= Abstract m-space =

Concept in order theory
In mathematics, specifically in order theory and functional analysis, an abstract m-space or an AM-space is a Banach lattice $(X, \| \cdot \|)$ whose norm satisfies $\left\| \sup \{ x, y \} \right\| = \sup \left\{ \| x \|, \| y \| \right\}$ for all x and y in the positive cone of X.
We say that an AM-space X is an AM-space with unit if in addition there exists some u ≥ 0 in X such that the interval [−u, u] := { z ∈ X : −u ≤ z and z ≤ u } is equal to the unit ball of X;
such an element u is unique and an order unit of X.

== Examples ==

The strong dual of an AL-space is an AM-space with unit.

If X is an Archimedean ordered vector lattice, u is an order unit of X, and p_{u} is the Minkowski functional of $[u, -u] := \{ x \in X : -u \leq x \text{ and } x \leq x \},$ then the complete of the semi-normed space (X, p_{u}) is an AM-space with unit u.

== Properties ==

Every AM-space is isomorphic (as a Banach lattice) with some closed vector sublattice of some suitable $C_{\R}\left( X \right)$.
The strong dual of an AM-space with unit is an AL-space.
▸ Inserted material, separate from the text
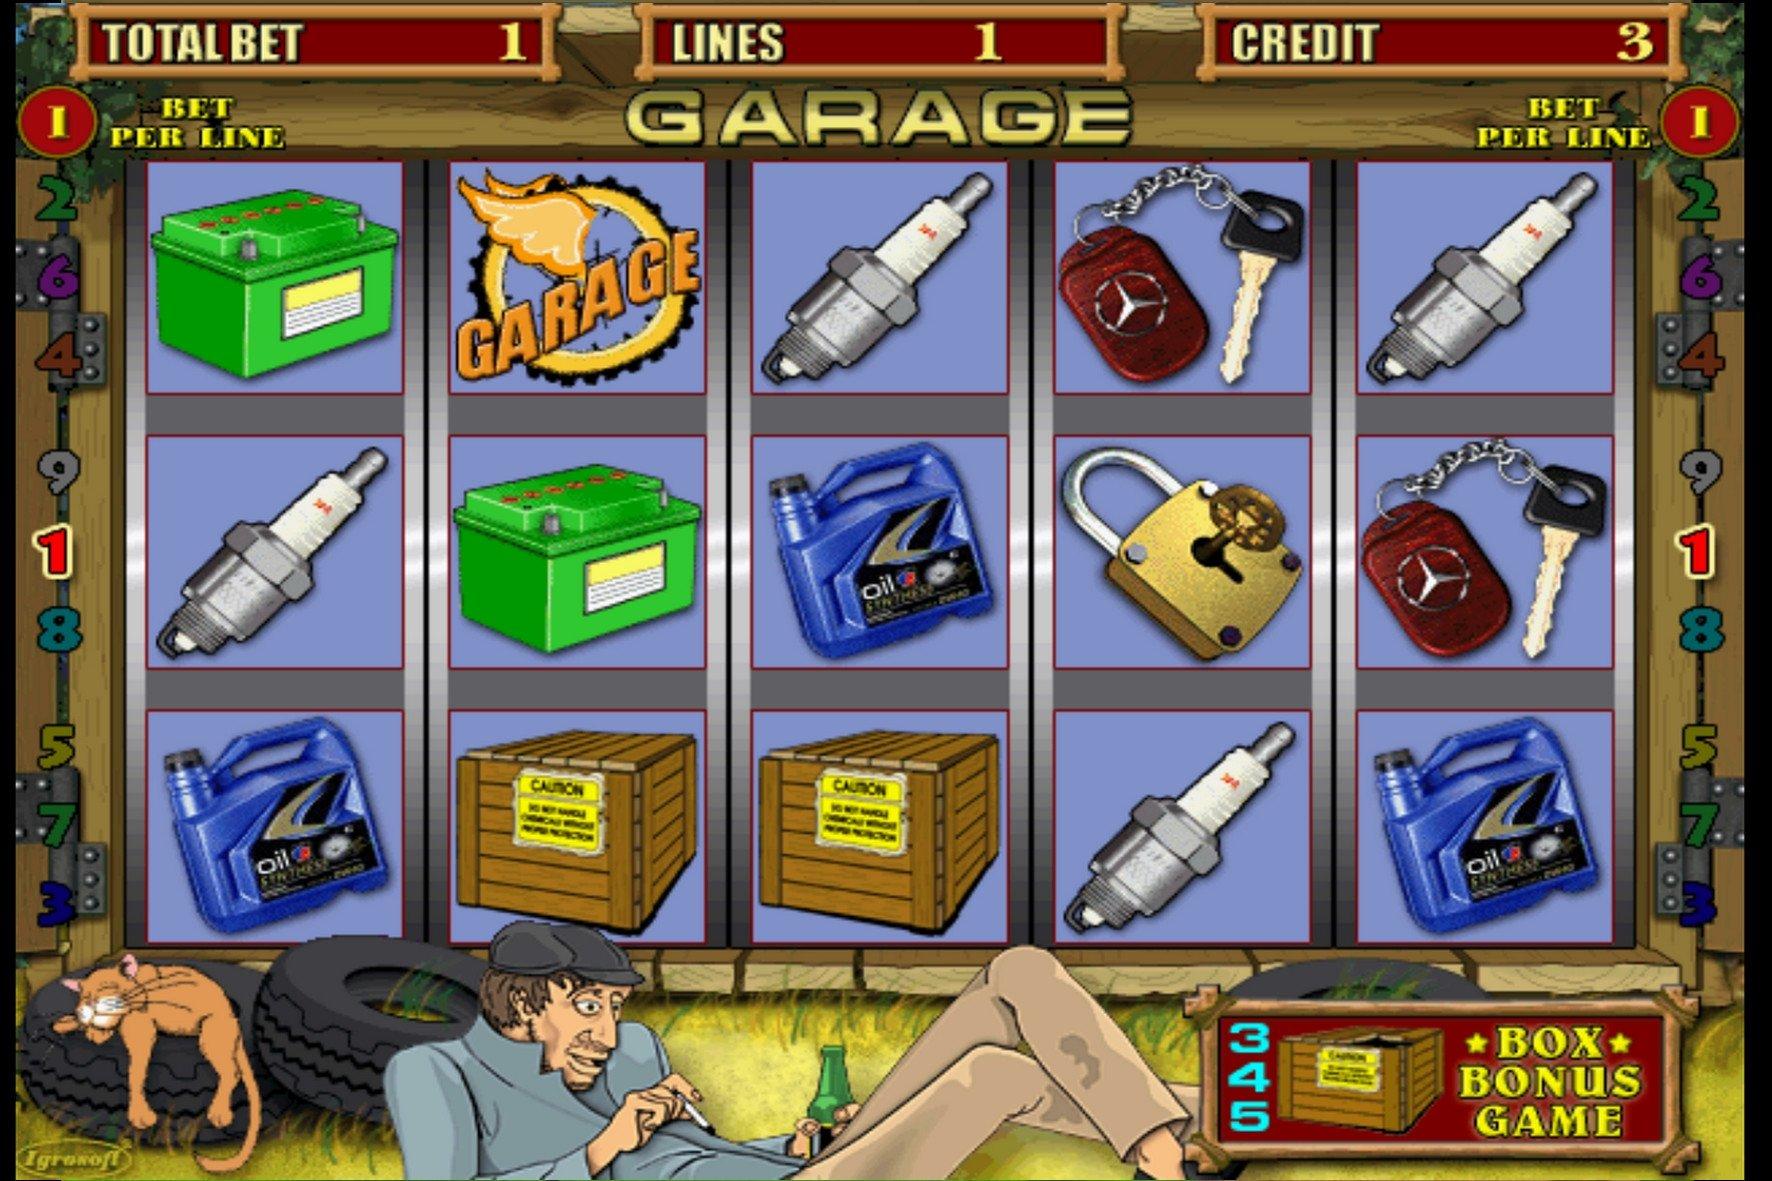 € sin riesgo en el casino mejores trucos para tragamonedas-897597

If X ≠ { 0 } is an AM-space with unit then the set K of all extreme points of the positive face of the dual unit ball is a non-empty and weakly compact (i.e. $\sigma\left( X^{\prime}, X \right)$-compact) subset of $X^{\prime}$ and furthermore, the evaluation map $I : X \to C_{\R} \left( K \right)$ defined by $I(x) := I_x$ (where $I_x : K \to \R$ is defined by $I_x(t) = \langle x, t \rangle$) is an isomorphism.